- TASK PROMPT
Repeat every line from the line containing "MelEdits - writing, editing, content" to the end of the data, exactly. Leave the pictures out.

- SOURCE MATERIAL
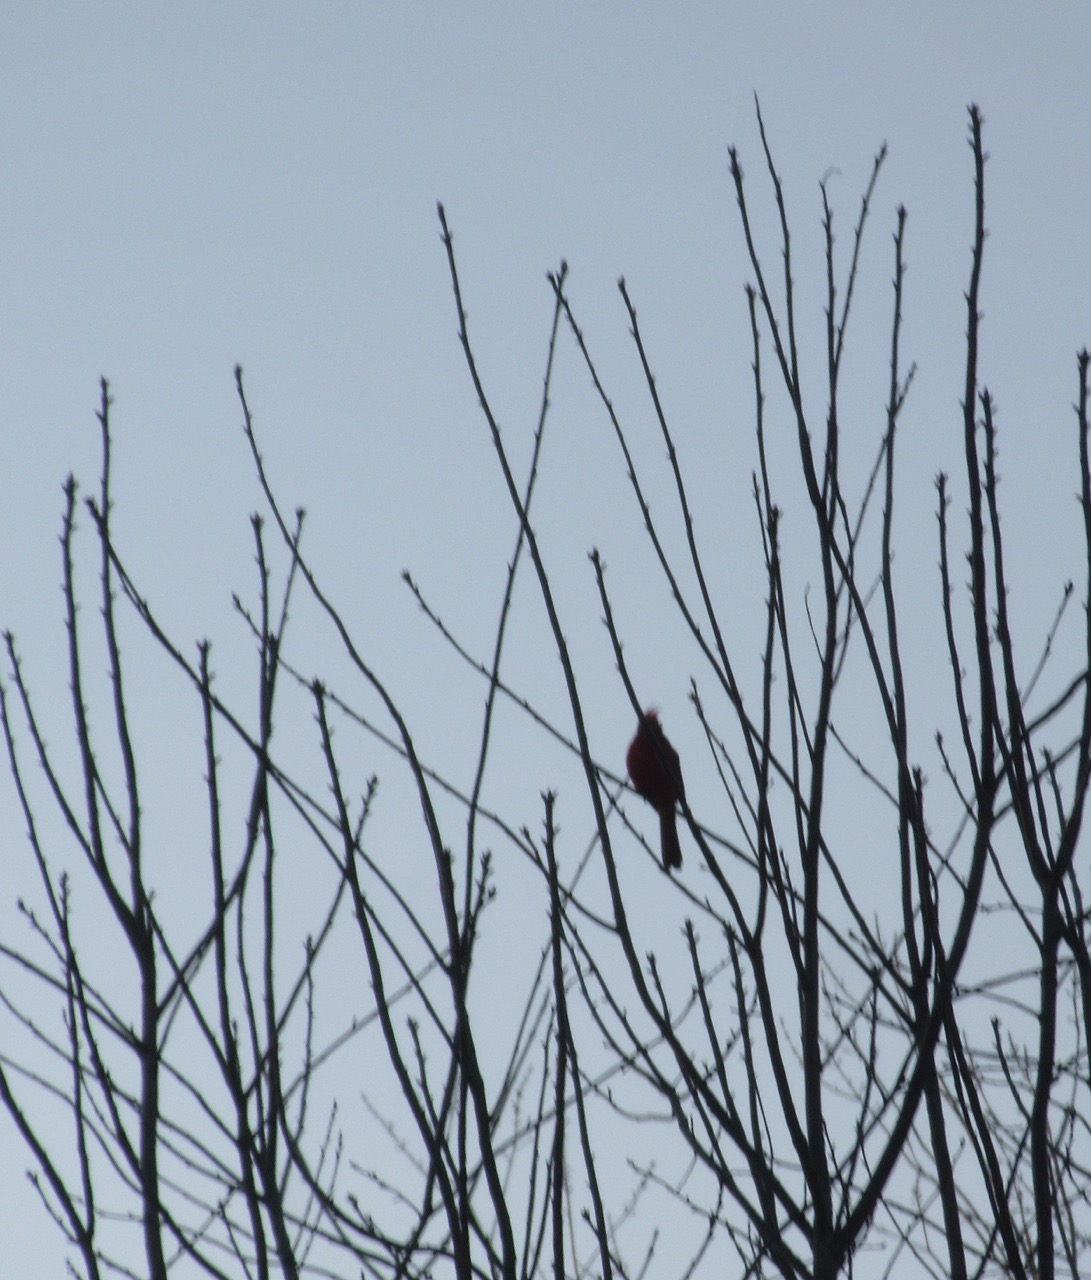 Cardinal with tufts
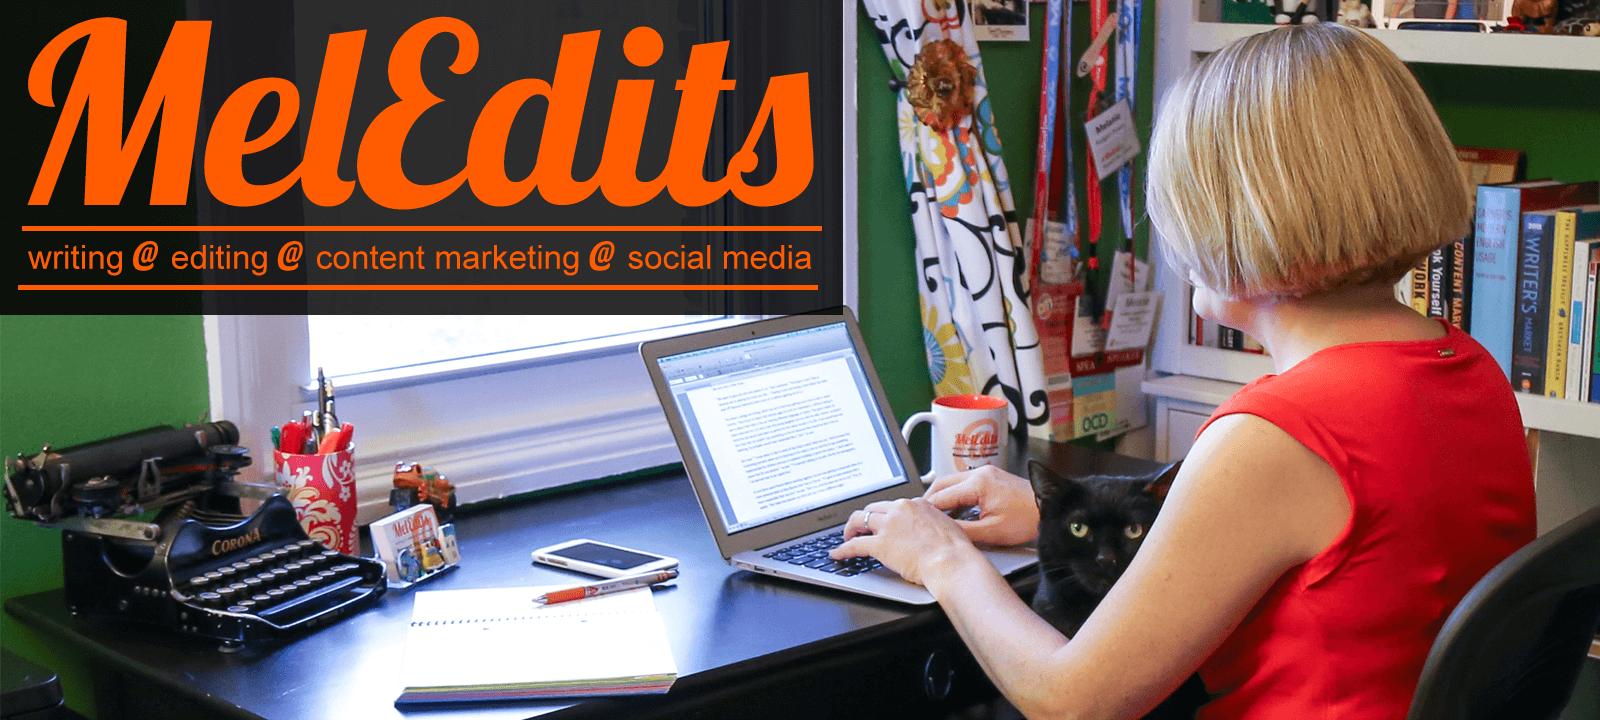 MelEdits - writing, editing, content marketing, social media - www.meledits.com
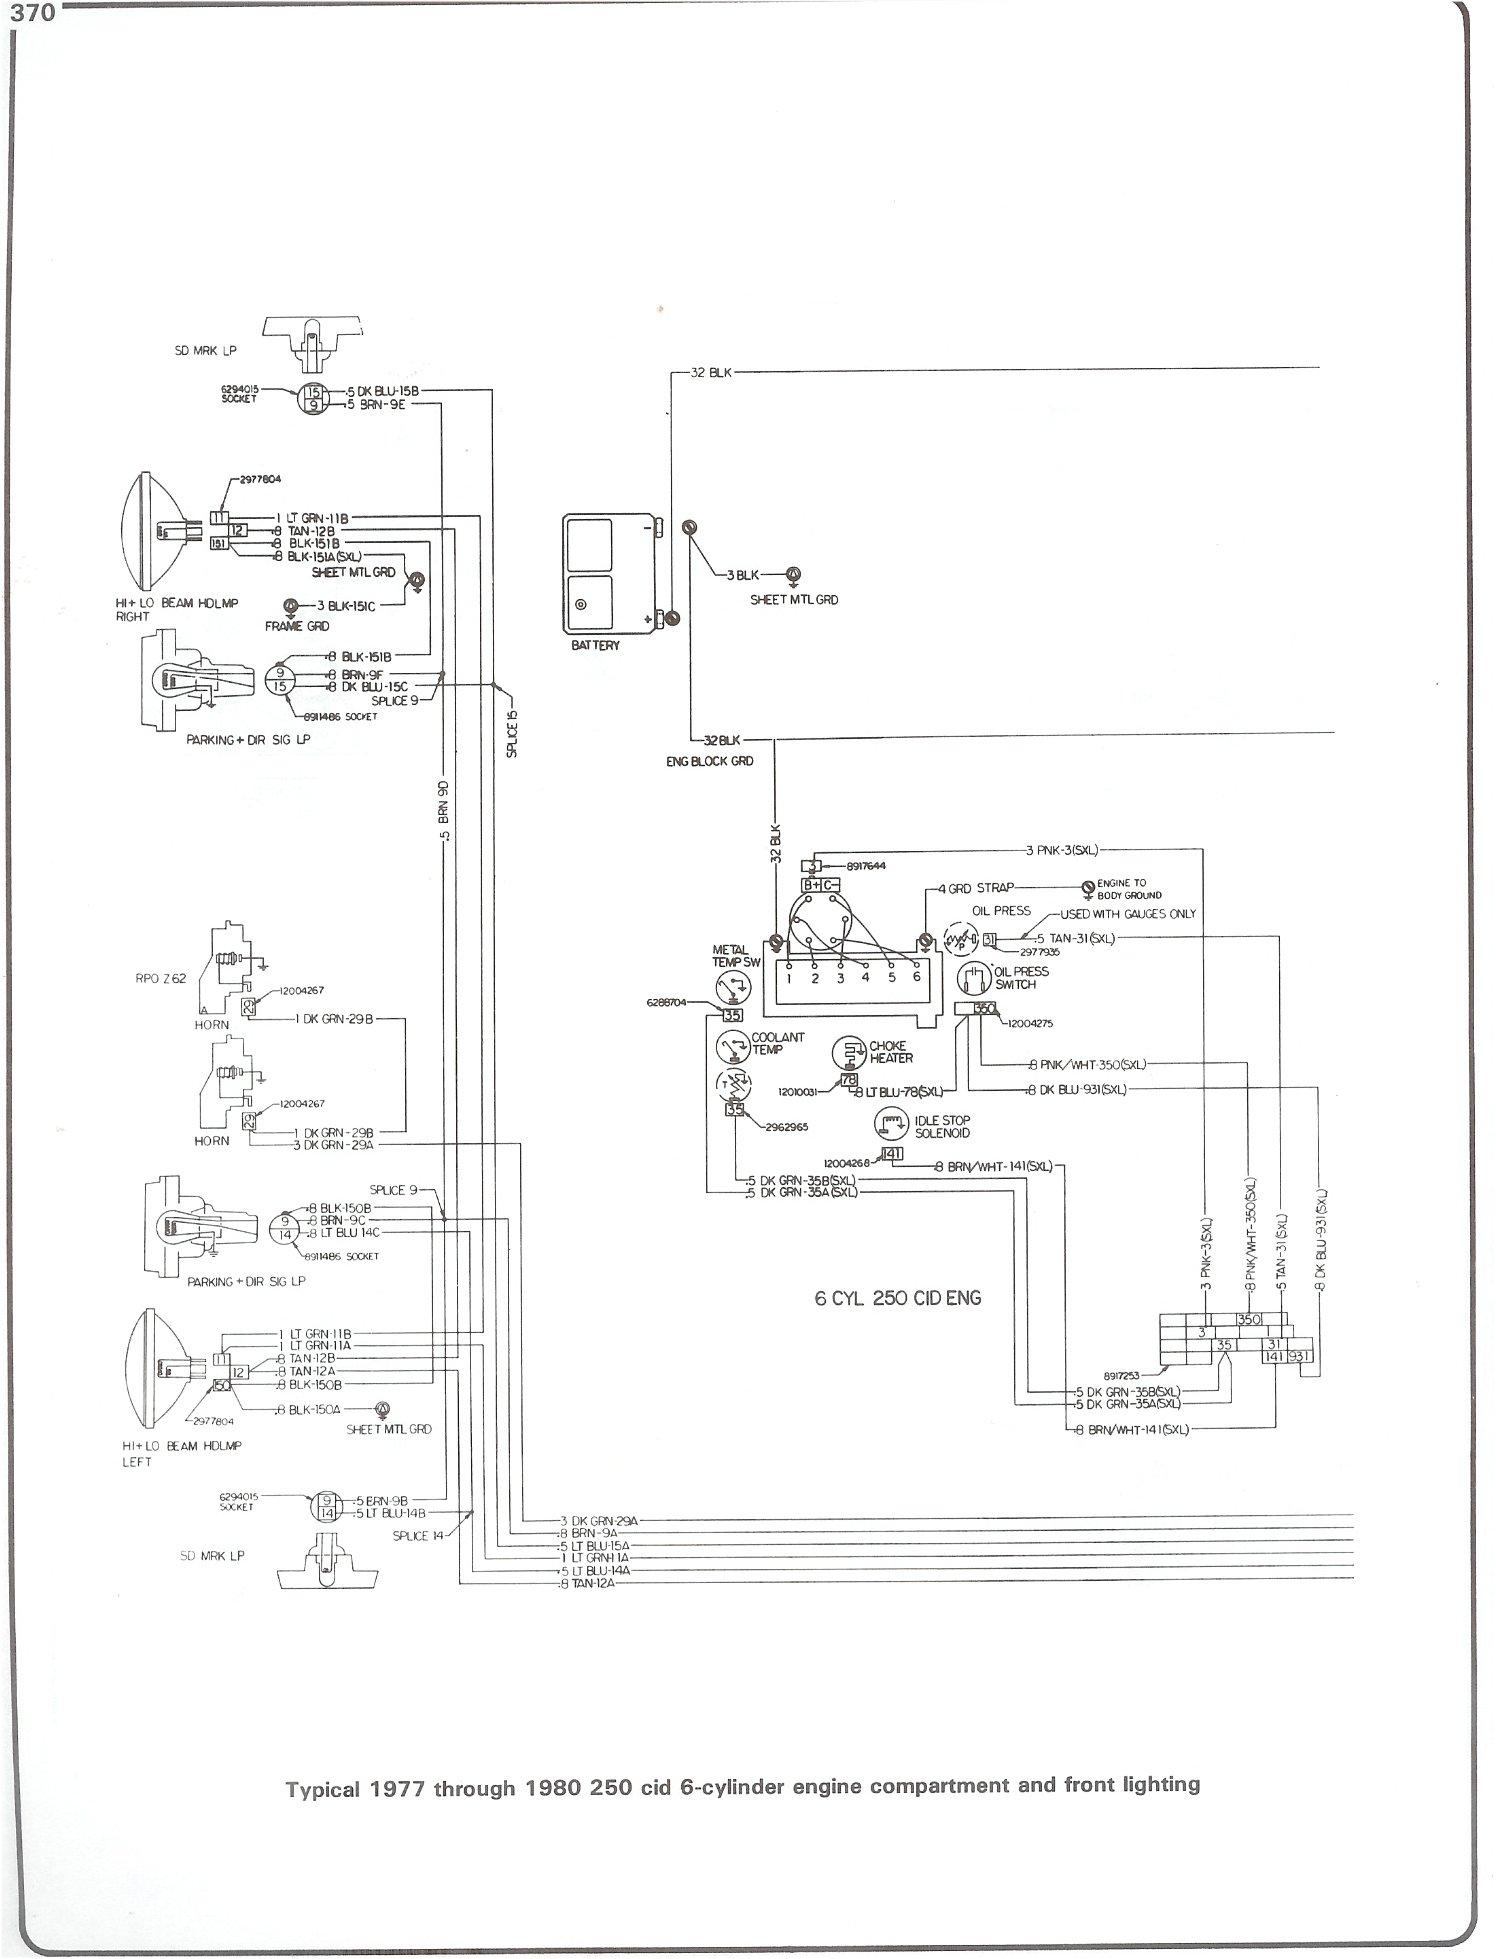 Enjoyable 1976 Chevy Truck Wiring Schematic Basic Electronics Wiring Diagram Wiring Cloud Licukaidewilluminateatxorg

- RESPONSE AREA
 MelEdits - writing, editing, content marketing, social media - www.meledits.com
 Enjoyable 1976 Chevy Truck Wiring Schematic Basic Electronics Wiring Diagram Wiring Cloud Licukaidewilluminateatxorg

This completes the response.